INSTRUCTIONS TO FOLLOW: Go through the listing below and retype exactly the lines starting at the one with "The 30 Prettiest" and ending at the one with "Vidoretta 18400-SEÑORA zapatos", skipping pictures.

DATA FOR THIS EXERCISE:

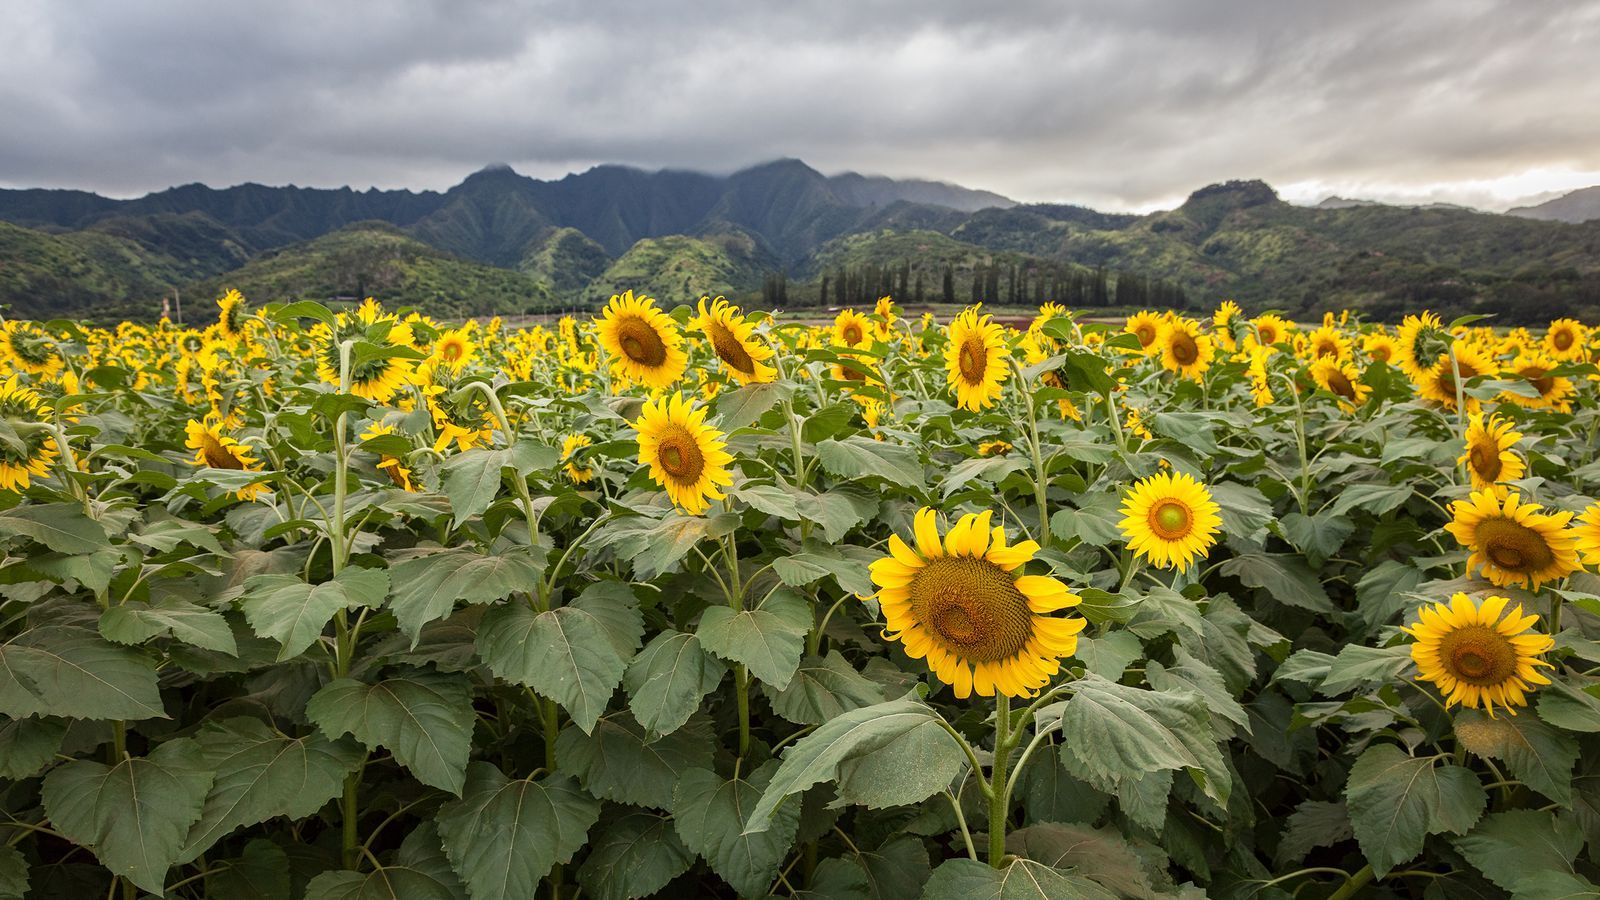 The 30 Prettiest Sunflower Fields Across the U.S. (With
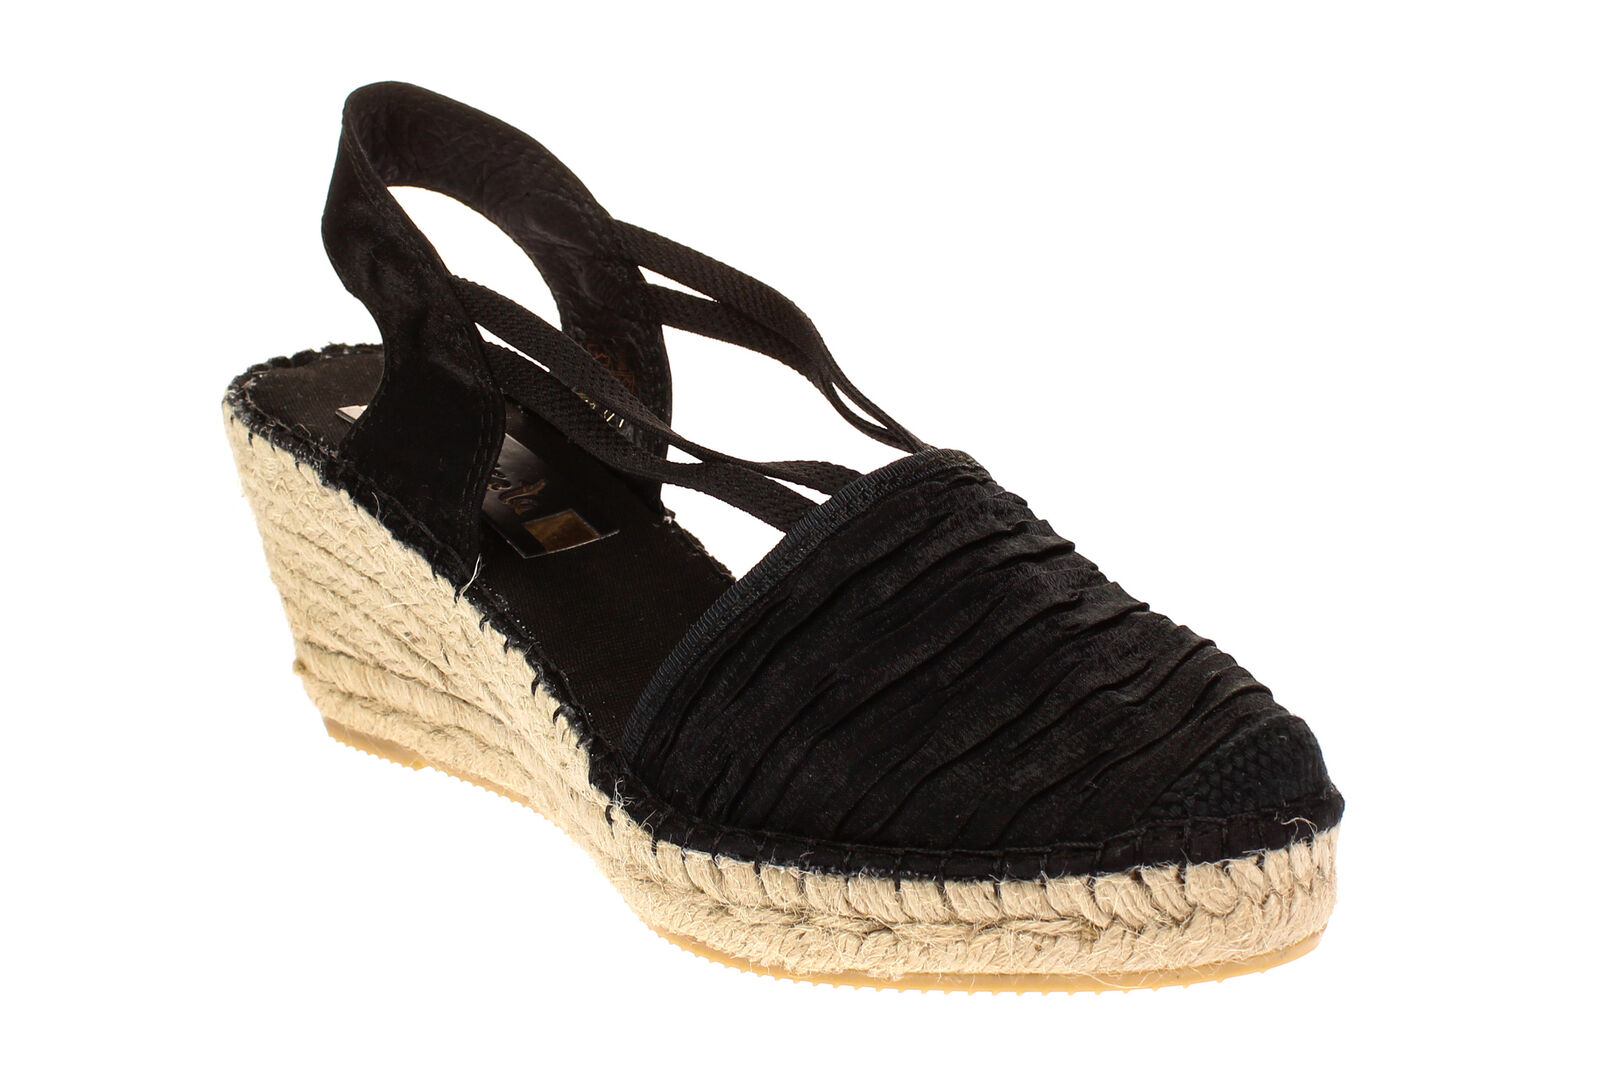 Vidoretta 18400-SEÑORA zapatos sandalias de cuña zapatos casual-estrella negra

---

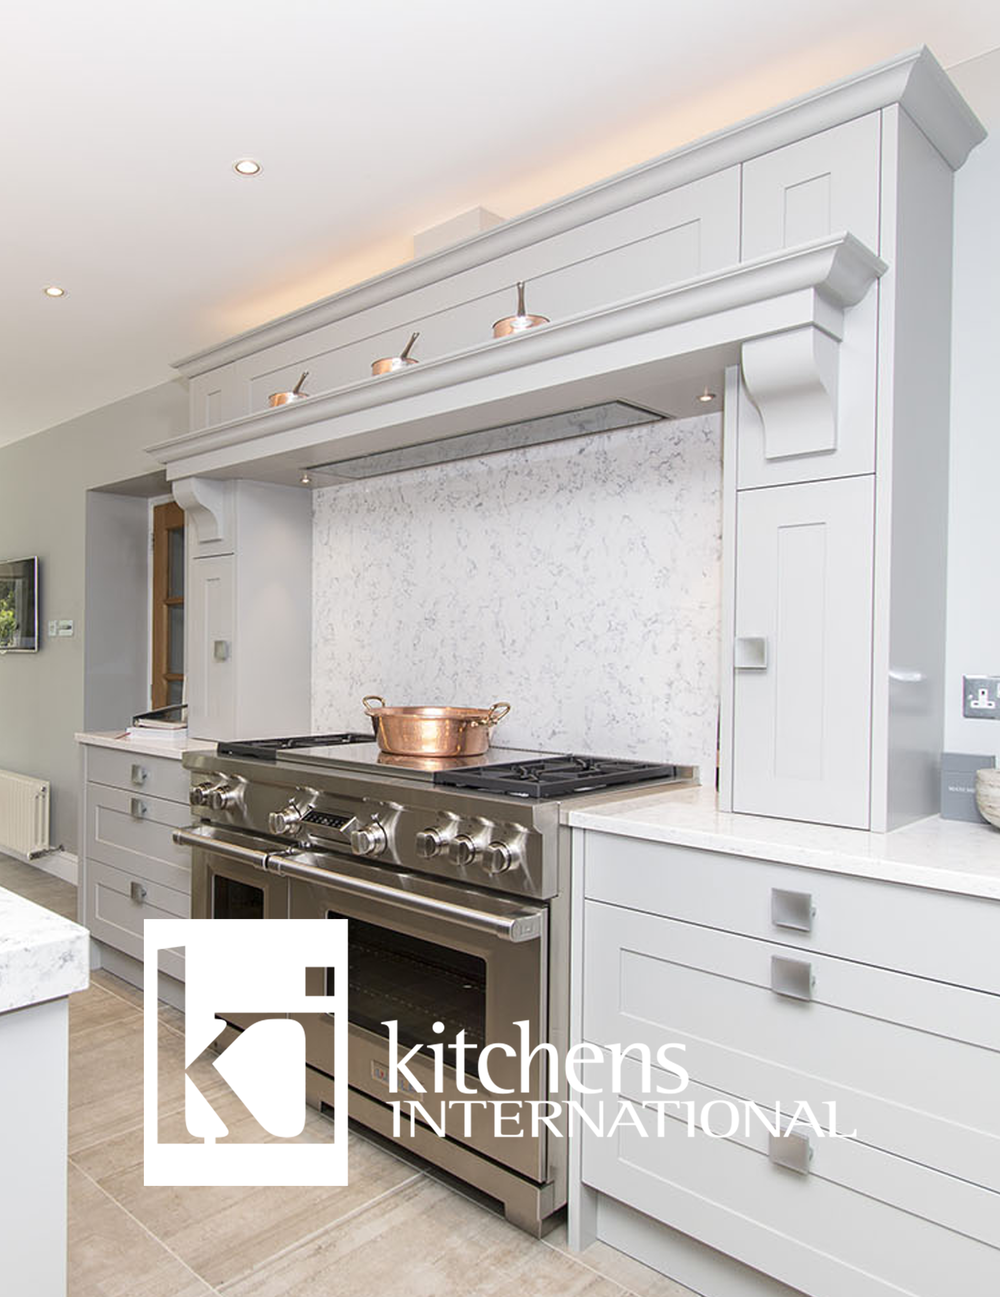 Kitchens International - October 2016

RESULT OF THE TASK:
 The 30 Prettiest Sunflower Fields Across the U.S. (With
 Vidoretta 18400-SEÑORA zapatos sandalias de cuña zapatos casual-estrella negra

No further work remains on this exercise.